The Monge Gap: A Regularizer to Learn All Transport Maps

Optimal transport (OT) theory has been been used in machine learning to study and characterize maps that can push-forward efficiently a probability measure onto another. Recent works have drawn inspiration from Brenier's theorem, which states that when the ground cost is the squared-Euclidean distance, the ``best'' map to morph a continuous measure in $\mathcal{P}(\Rd)$ into another must be the gradient of a convex function. To exploit that result, [Makkuva+ 2020, Korotin+2020] consider maps $T=\nabla f_\theta$, where $f_\theta$ is an input convex neural network (ICNN), as defined by Amos+2017, and fit $\theta$ with SGD using samples. Despite their mathematical elegance, fitting OT maps with ICNNs raises many challenges, due notably to the many constraints imposed on $\theta$; the need to approximate the conjugate of $f_\theta$; or the limitation that they only work for the squared-Euclidean cost.
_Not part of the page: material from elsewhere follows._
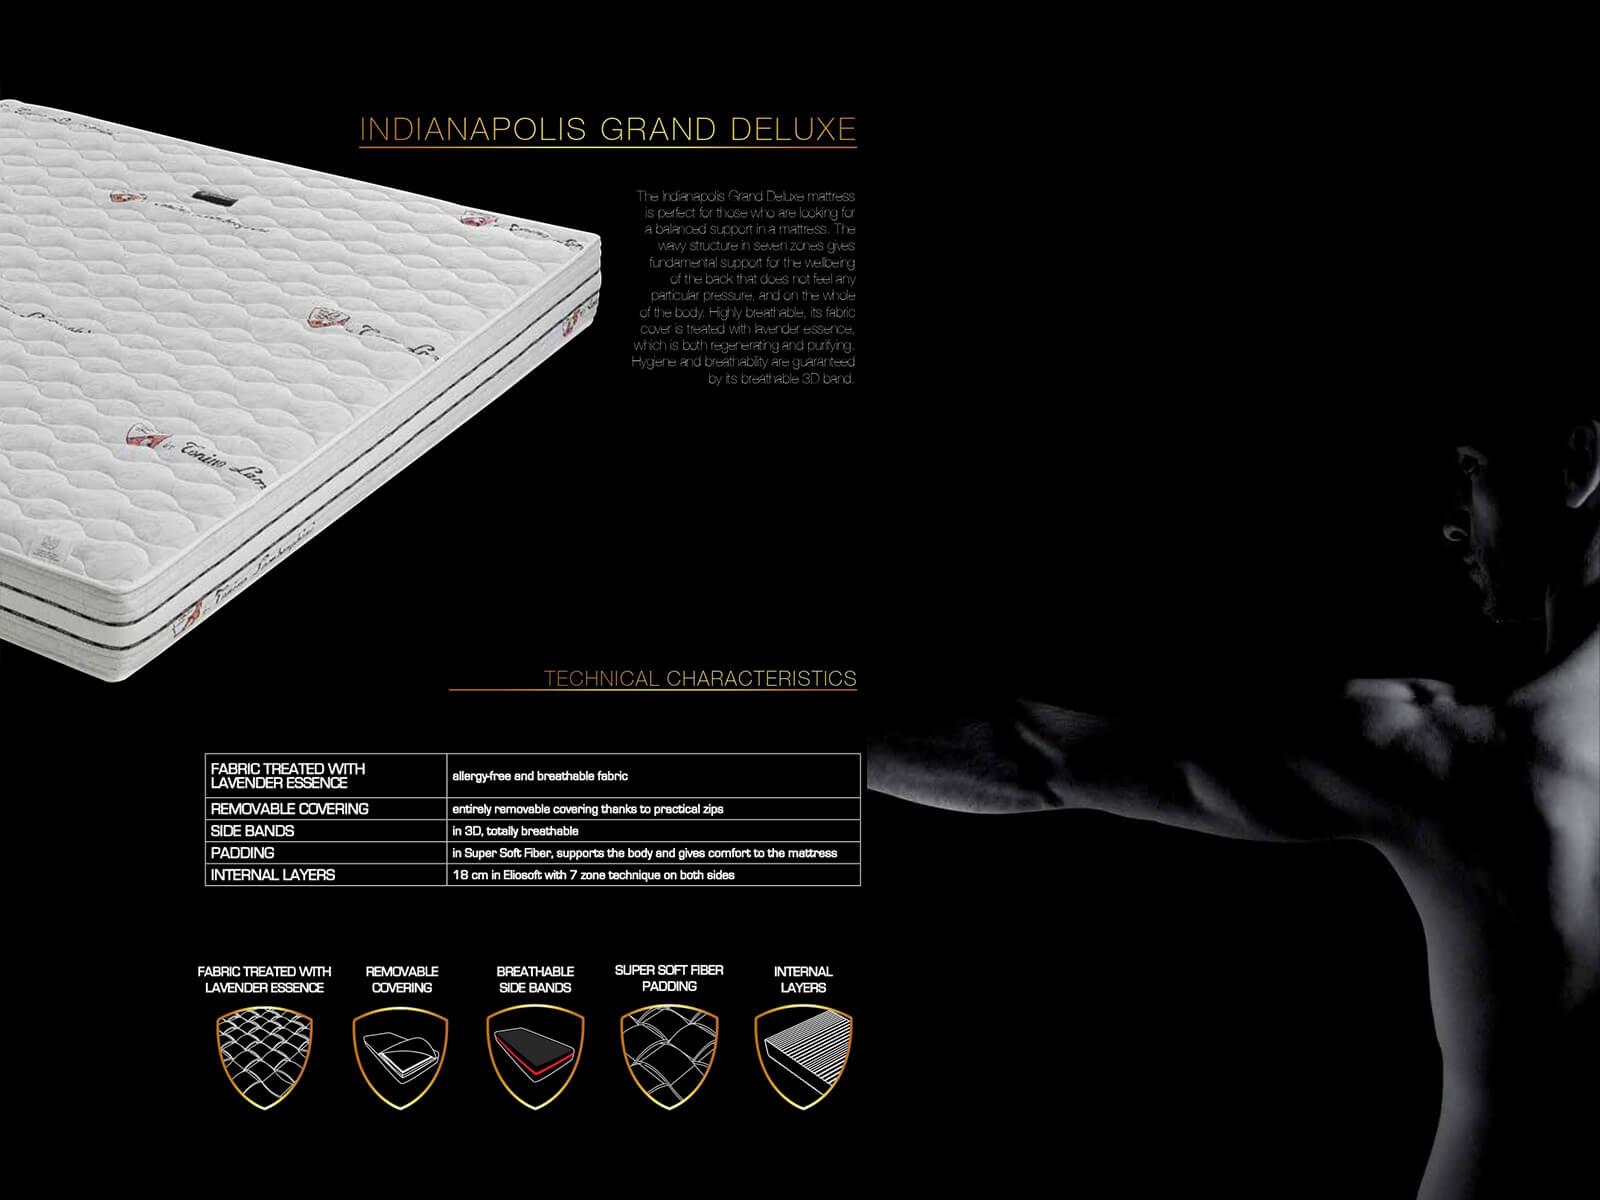 蘭博基尼mattress 義大利品牌 藍寶堅尼超跑床墊 INDIANAPOLIS GRAND DELUXE

More generally, we question the relevance of using Brenier's result, which only applies to densities, to constrain the architecture of candidate maps fitted on samples. Motivated by these limitations, we propose a radically different approach to estimating OT maps: Given a cost $c$ and a reference measure $\rho$, we introduce a regularizer, the Monge gap $\mathcal{M}^c_{\rho}(T)$ of a map $T$. That gap quantifies how far a map $T$ deviates from the ideal properties we expect from a $c$-OT map. In practice, we drop all architecture requirements for $T$ and simply minimize a distance (e.g., the Sinkhorn divergence) between $T\sharp\mu$ and $\nu$, regularized by $\mathcal{M}^c_\rho(T)$. We study $\mathcal{M}^c_{\rho}$, and show how our simple pipeline outperforms significantly other baselines in practice.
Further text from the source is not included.